Desenrola o fim do crédito rotativo dos cartões de crédito

Desenrola o fim do crédito rotativo dos cartões de crédito

Artigo por RED
14/06/2023 05:30 • Atualizado em 16/06/2023 12:17
Desenrola o fim do crédito rotativo dos cartões de crédito

De FERNANDO NOGUEIRA DA COSTA*

O governo anunciou, no dia 05/06/23, o Desenrola, programa de renegociação de dívidas de pessoas físicas. Serão feitos leilões de compra dos créditos dos credores inscritos para participar do programa.

Serão adquiridas as carteiras de crédito com maior desconto em relação ao débito, até o limite do programa. Os créditos incorporados pelo programa terão garantia do Fundo de Garantias de Operações (FGO), com quase R$ 10 bilhões para cobrir os créditos negociados, no caso de pessoas com renda até dois mínimos e para dívidas até R$ 5 mil.
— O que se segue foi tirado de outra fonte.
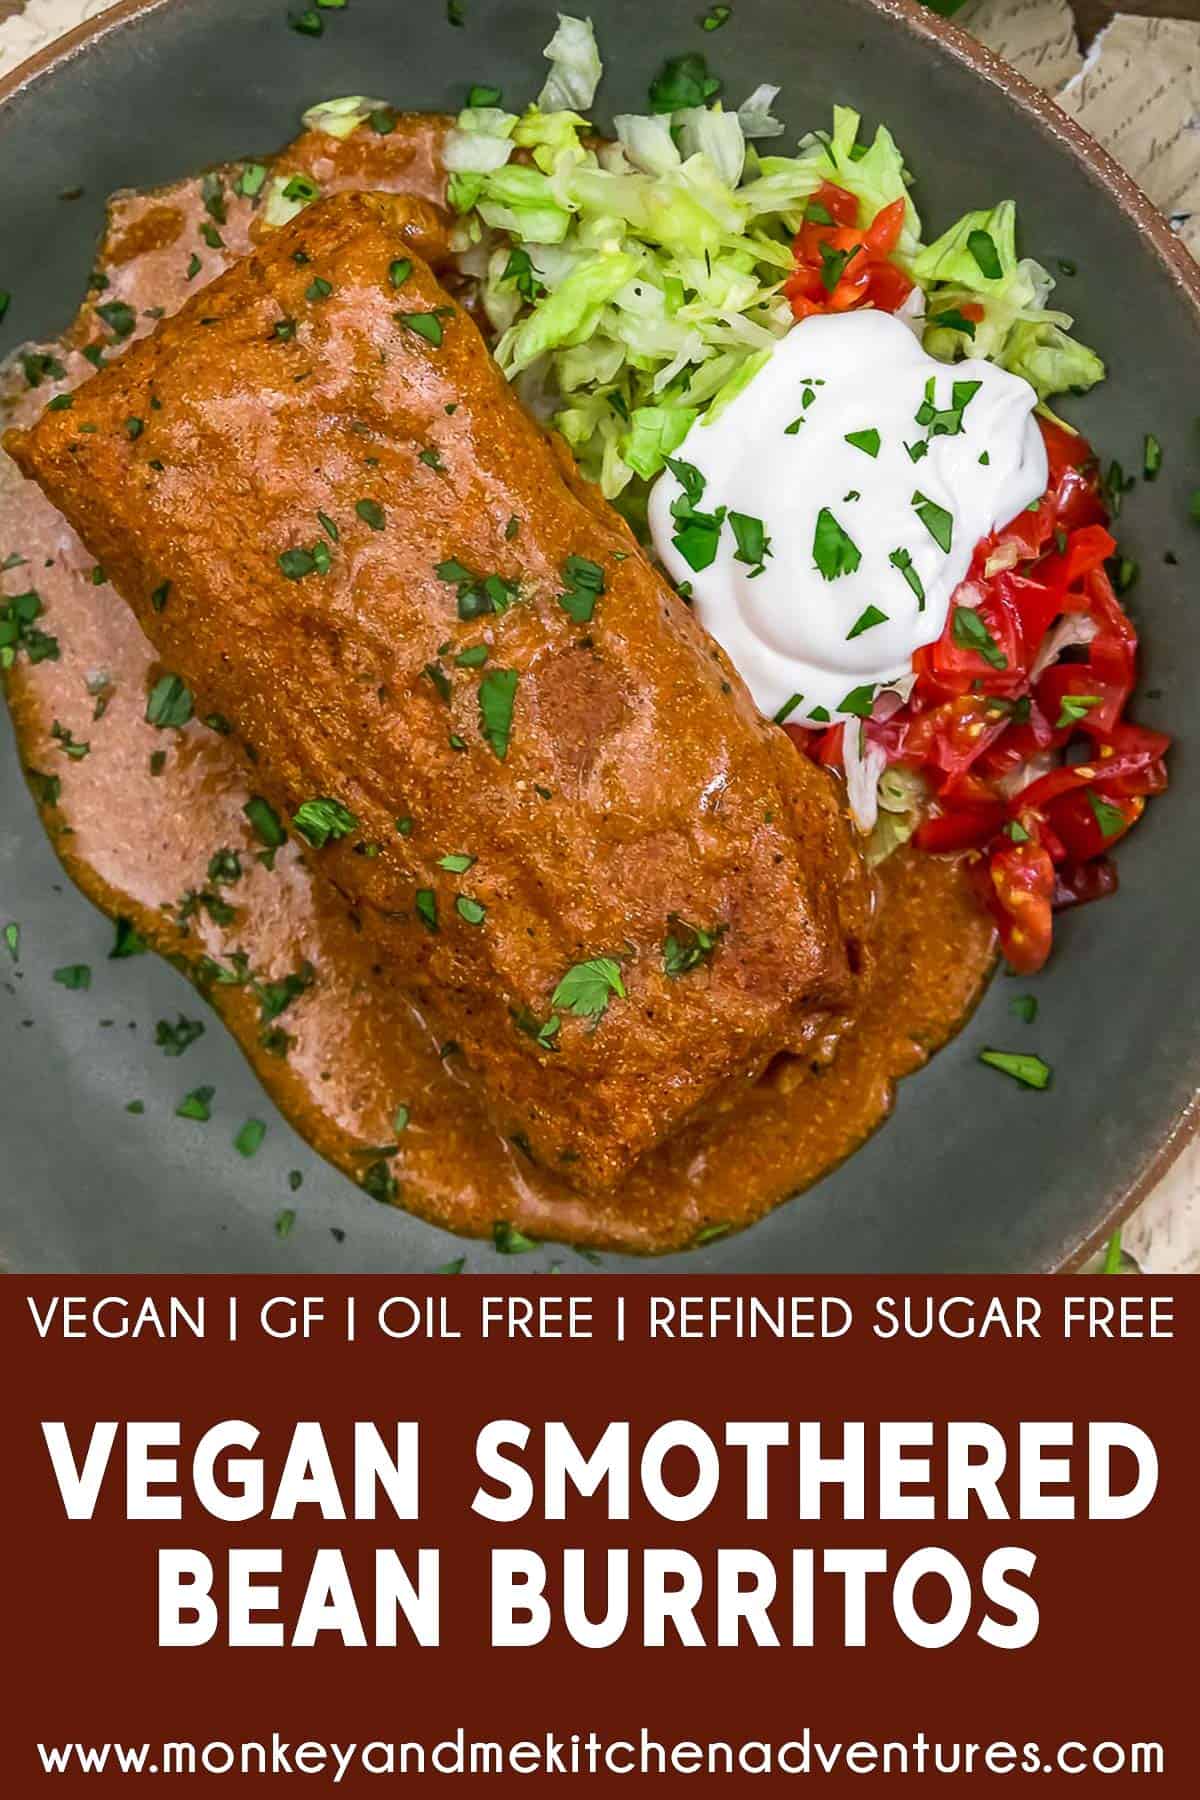 Vegan Smothered Bean Burritos with text description

O plano permitirá o refinanciamento de débitos de até R$ 5 mil e será voltado a pessoas com renda até dois salários mínimos, na faixa com garantia da União. Haverá ainda uma segunda faixa, sem garantia, na qual o governo oferecerá às instituições financeiras, em troca de descontos nas dívidas, um incentivo regulatório para aumentarem a oferta de crédito. A expectativa é até 70 milhões de devedores terem acesso ao programa.

Os credores participantes do programa terão de “abonar”, automaticamente, o débito de pessoas devedoras até R$ 100. Tem 1,5 milhão de brasileiros nessa situação.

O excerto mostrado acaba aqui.